After locating the line that contains "Previsión de contratos" in the data below, set down exactly that line and each one after it through the line that contains "889e25129e Lyst - Eileen", and nothing more.

PROVIDED DATA:
Segment Open
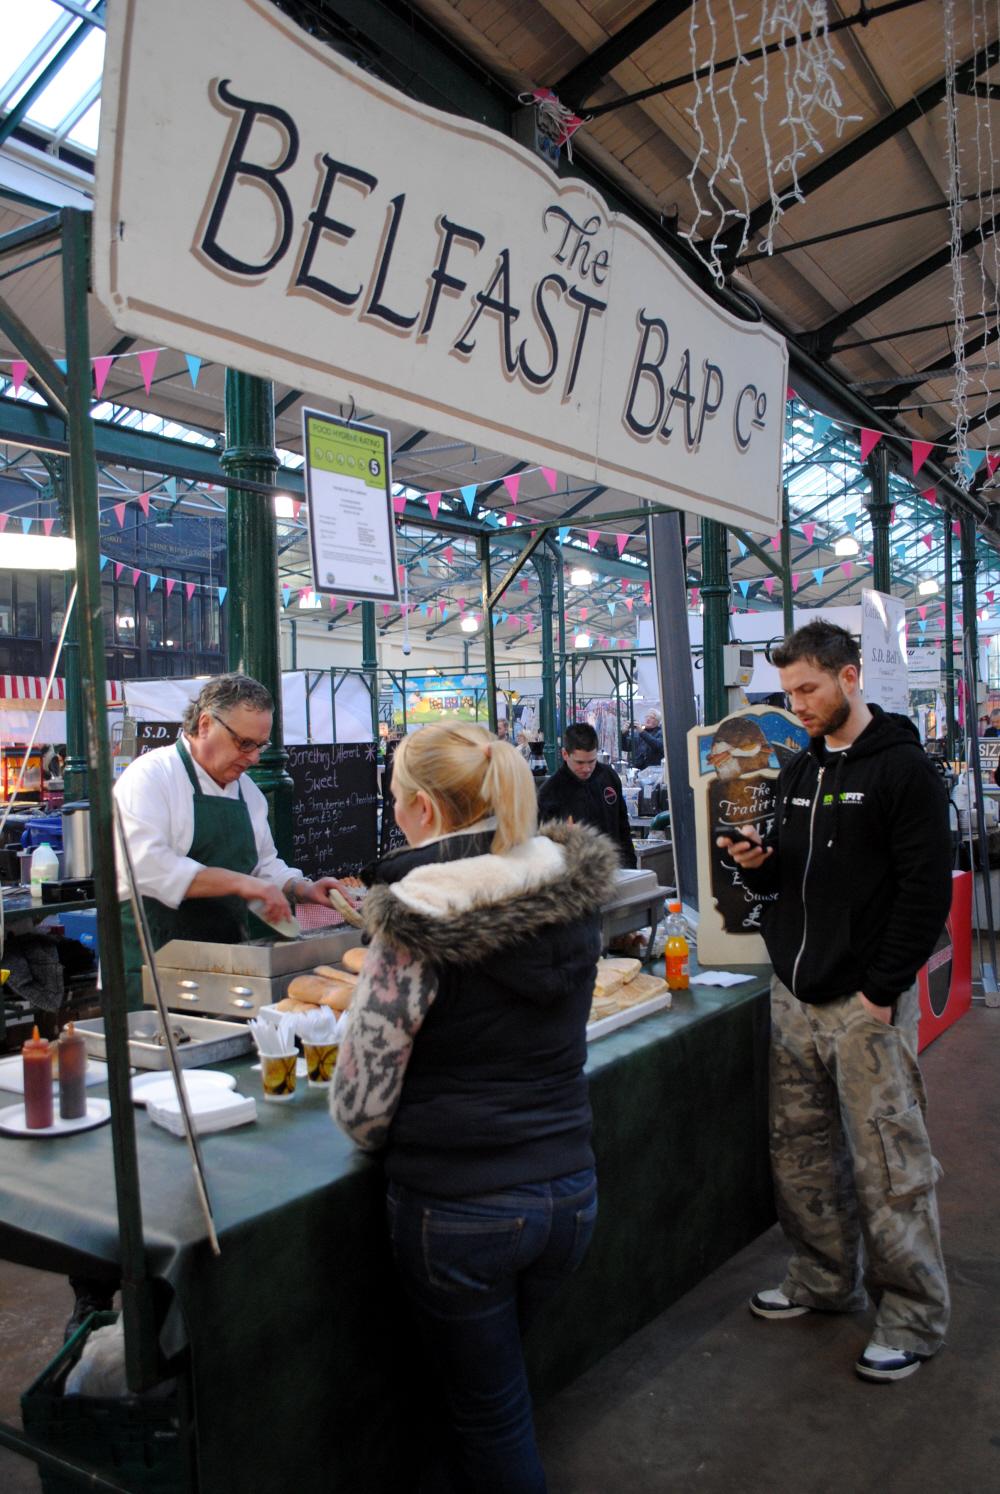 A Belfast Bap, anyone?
Segment Closed
Segment Open
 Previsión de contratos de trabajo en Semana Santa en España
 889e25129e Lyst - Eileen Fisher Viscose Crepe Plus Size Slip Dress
Segment Closed
Segment Open
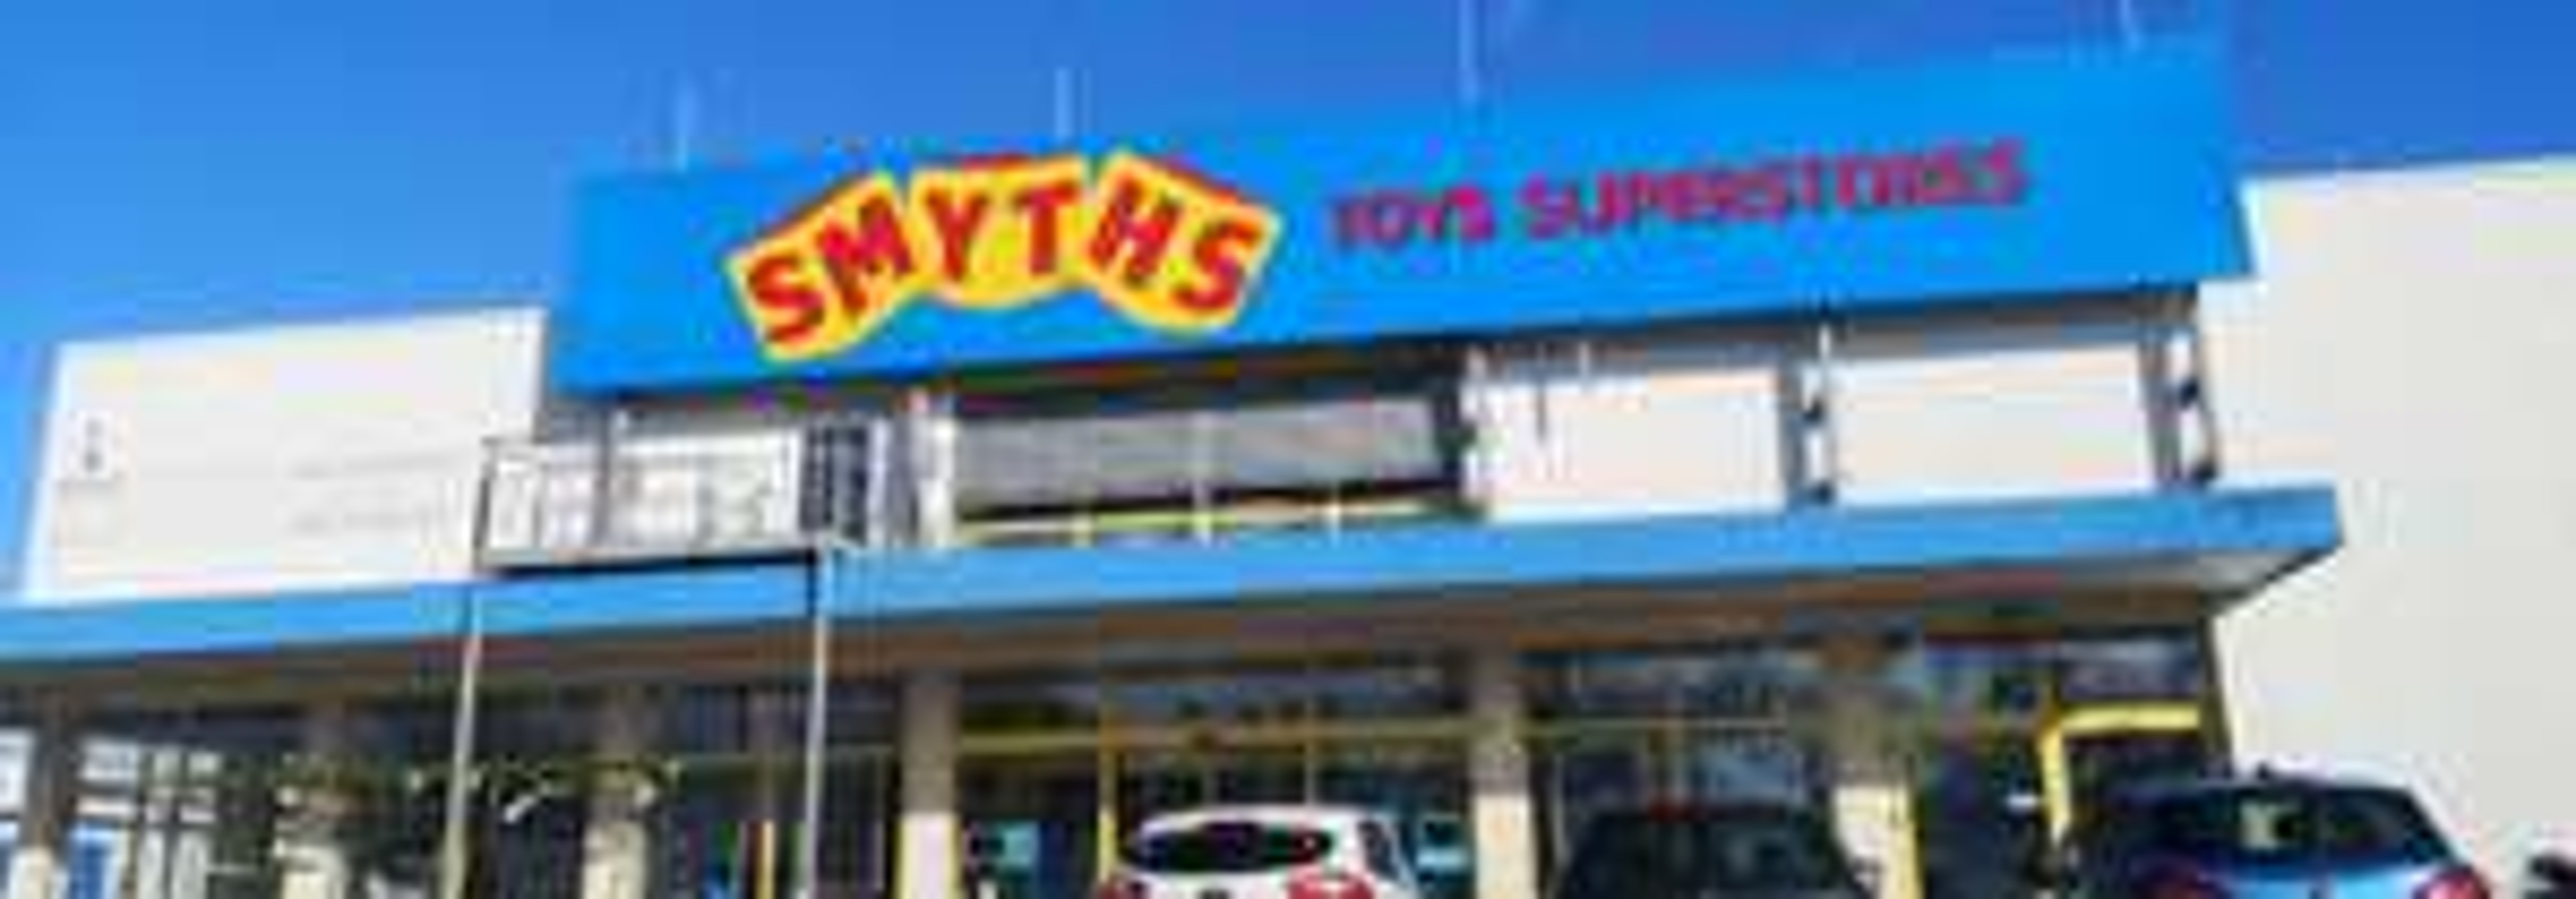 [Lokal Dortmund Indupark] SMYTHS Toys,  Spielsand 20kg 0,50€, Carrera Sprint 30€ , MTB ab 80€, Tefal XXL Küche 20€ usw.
Segment Closed
RESPONSE BELOW:
 Previsión de contratos de trabajo en Semana Santa en España
 889e25129e Lyst - Eileen Fisher Viscose Crepe Plus Size Slip Dress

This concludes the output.